As it happens, a data warehouse isn’t that different. Ultimately, it’s a convenient way of storing large quantities of data. The key term here is ‘convenient’.
In one type of data warehouse, convenience is maximised for storage. It’s made as easy as possible to load data and hold it securely. This is the approach taken, in a different field, by major books repositories such as the British Library: as books arrive, they’re simply stored on the next available shelf space with no attempt to try to put them into any kind of order, whether of author or of subject matter. The label that goes on the back of the book simply indicates where in the shelving it’s stored and tells you absolutely nothing about the nature of the book or what’s in it.
Trinity College Dublin |
This approach is ideal for storage, hopeless for retrieval.
A great many data warehouses, and in particular most of the older ones, are of this type.
The data is securely stored and, as long as you can go straight to it and find exactly the information you want, then it’s fine to hold it that way. However, if you want to do something a little more sophisticated, say you want to start collecting related groups of information, this method is no good at all.
What you need in these circumstances is something less like the British Library and more like a bookshop. There the books are collected first by subject matter, then by author or title. The beauty of this is that as long as you know the structure, you can find not just the particular book you want but also get quickly to other, related books. You wanted a book about travel in Spain – you may well find a whole shelf of them including not just the one you were looking for but perhaps another which is even better.

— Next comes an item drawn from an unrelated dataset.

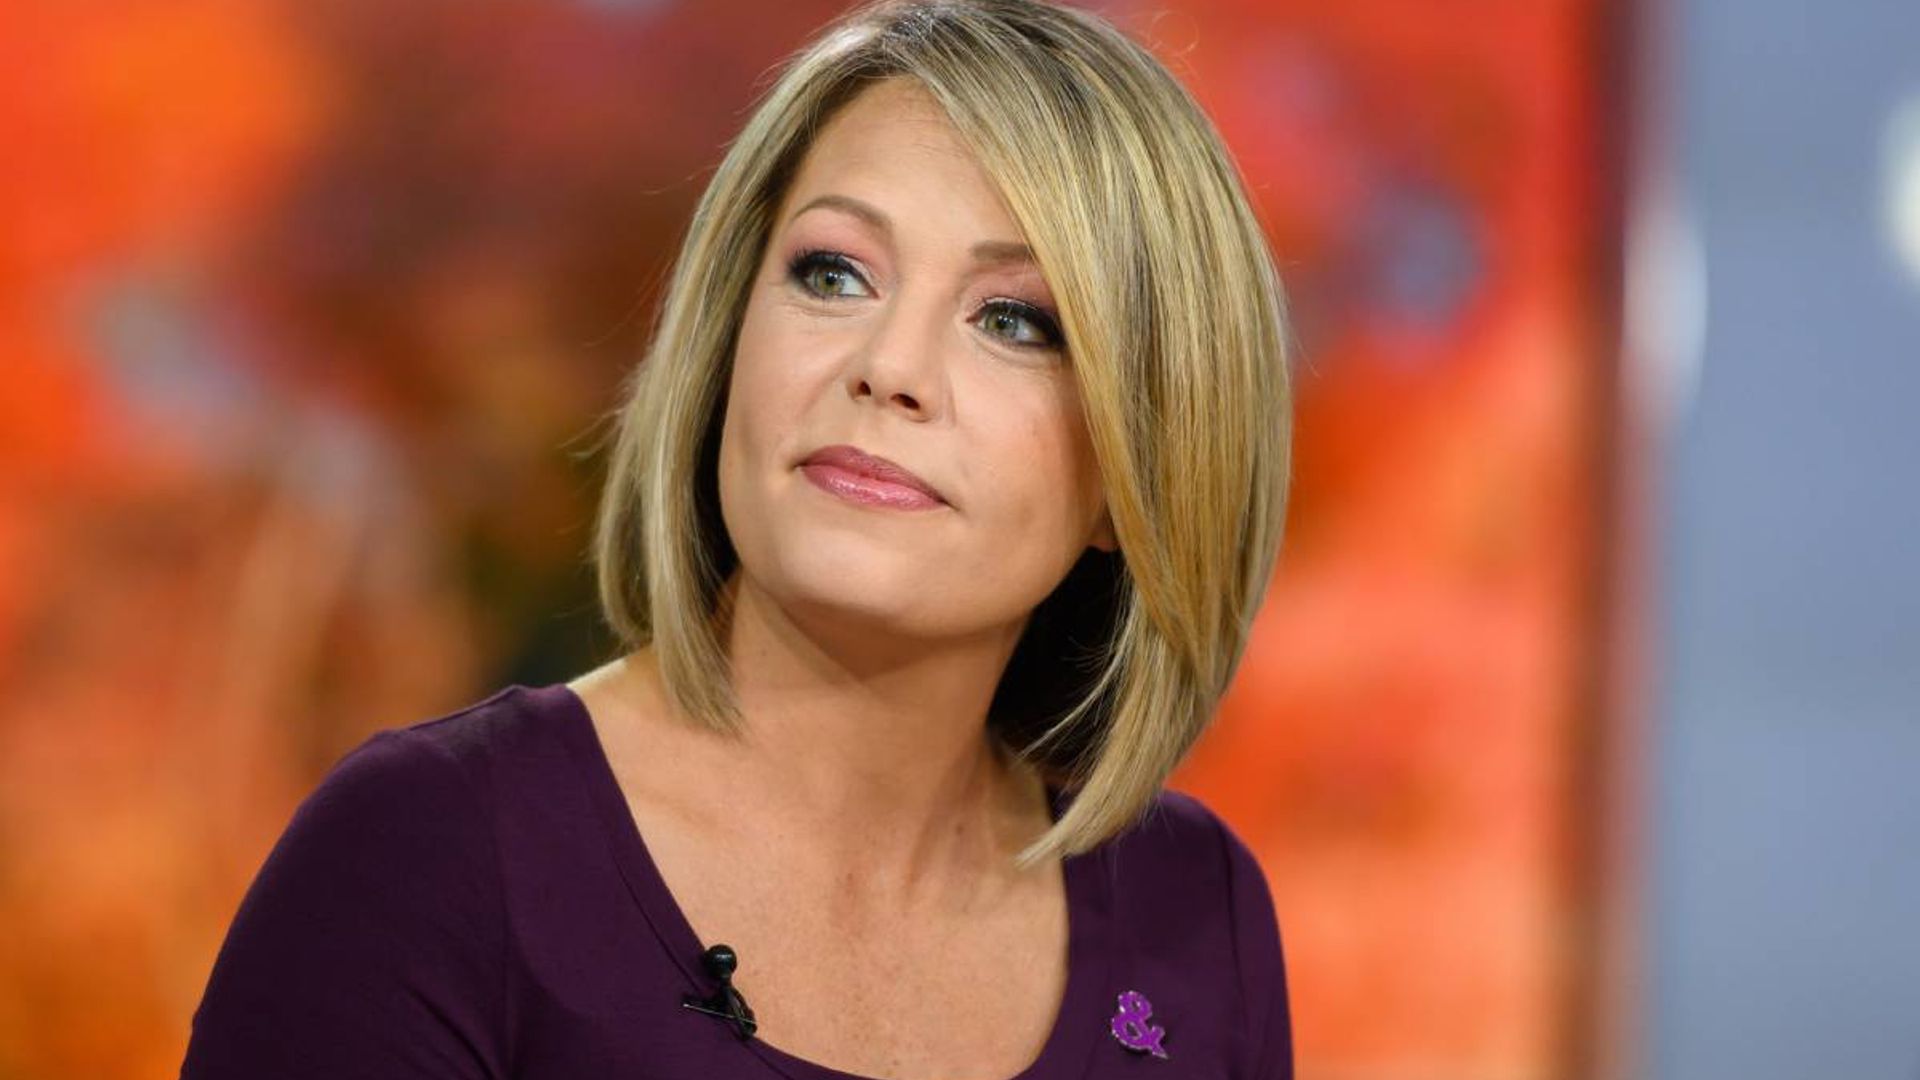 today dylan dreyer emotional message live on air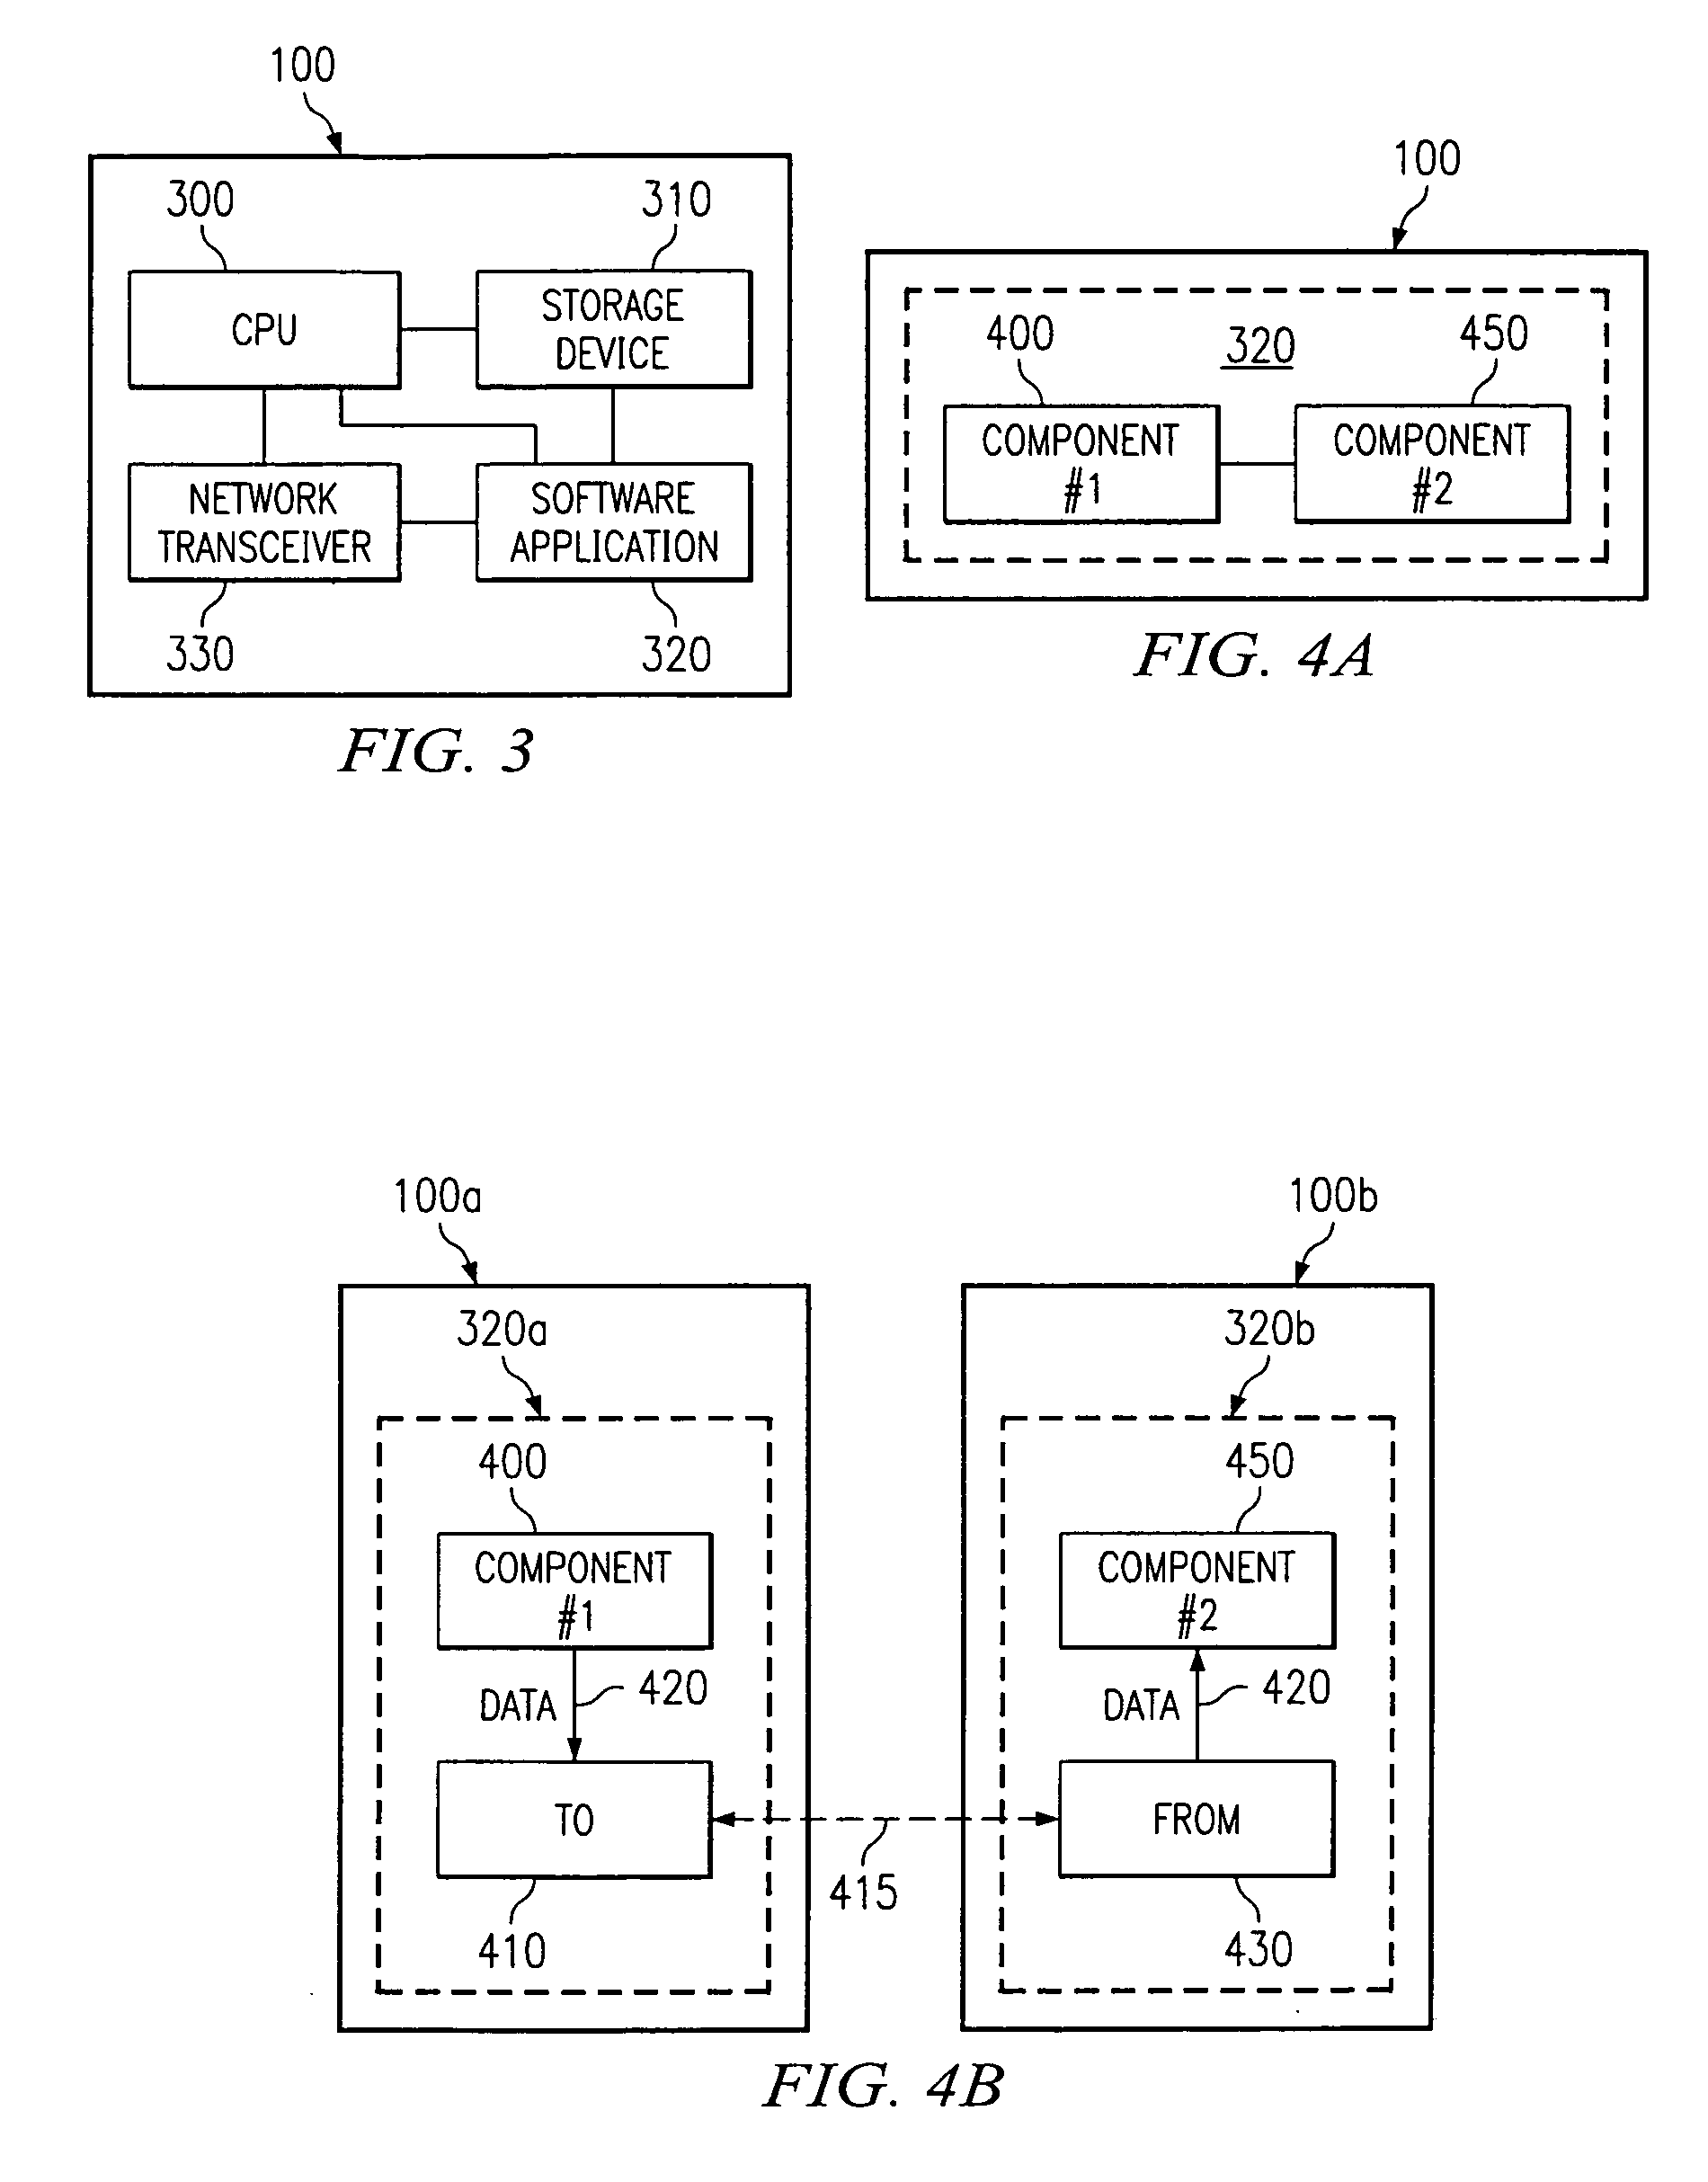 Computing system and method for transparent, distributed communication between computing devices

Of course, when it comes to data you can do far, far more than a bookshop. Because pulling the data together into various collections can be done simultaneously in many different ways. I’m sold on the approach known as dimensional modelling. What this means, from a user point of view, is that a healthcare data warehouse would contain lists of patients, dates, specialties, consultants, diagnoses, in short of anything that can be regarded as a ‘dimension’ or classification of your’. Each of these lists is linked to a set of facts about what was done for any patient at any time.
A fact table at the centre, dimensions linked to it |
That’s a bit like knowing that John Le Carré’s Tinker, Tailor, Soldier, Spy is simultaneously stored under spy novels, under fiction about the cold war, under Le Carré but also under his real name of David Cornwell, under books published in 1974, and under any other category that some user might find interesting. And, because we’re talking about computer technology, it’s under all those categories although there’s actually only one copy of the book in the bookshop.
Now that’s a warehouse structure designed to optimise retrieval rather than storage, and therefore to make reporting particularly easy. That’s why this second more modern approach to structure is so much more to be preferred than the older one.
But then there’s one other aspect of data warehouses which makes them particularly powerful, whether they’re of the older or the newer type.
They can include rules engines which manipulate the data.
If the incoming data is of poor quality, rules can tell you so: in the bookshop example, you’d get an alert saying ‘the author’s name is illegible’, ‘the date of publication isn’t given’ so that you can get the classification information improved.
If you need to add new information derived from the incoming data, rules can do that too: if you know that data from one department in the hospital shows the consultant identifier as a code, say ‘MKRS’ and you want it to be stored as ‘Mr Mark Smith’, you can define a rule that adds the form you want. In the bookshop example, it could add ‘David Cornwell’ to John le Carré’s name.
Taken together, these aspects of data warehouses – structures optimised for reporting and the application of well-defined rules – make them absolutely essential tools for understanding healthcare activity. They can take raw data and turn them into management information. With the difficult management decisions that lie ahead, that’s more crucial than ever before.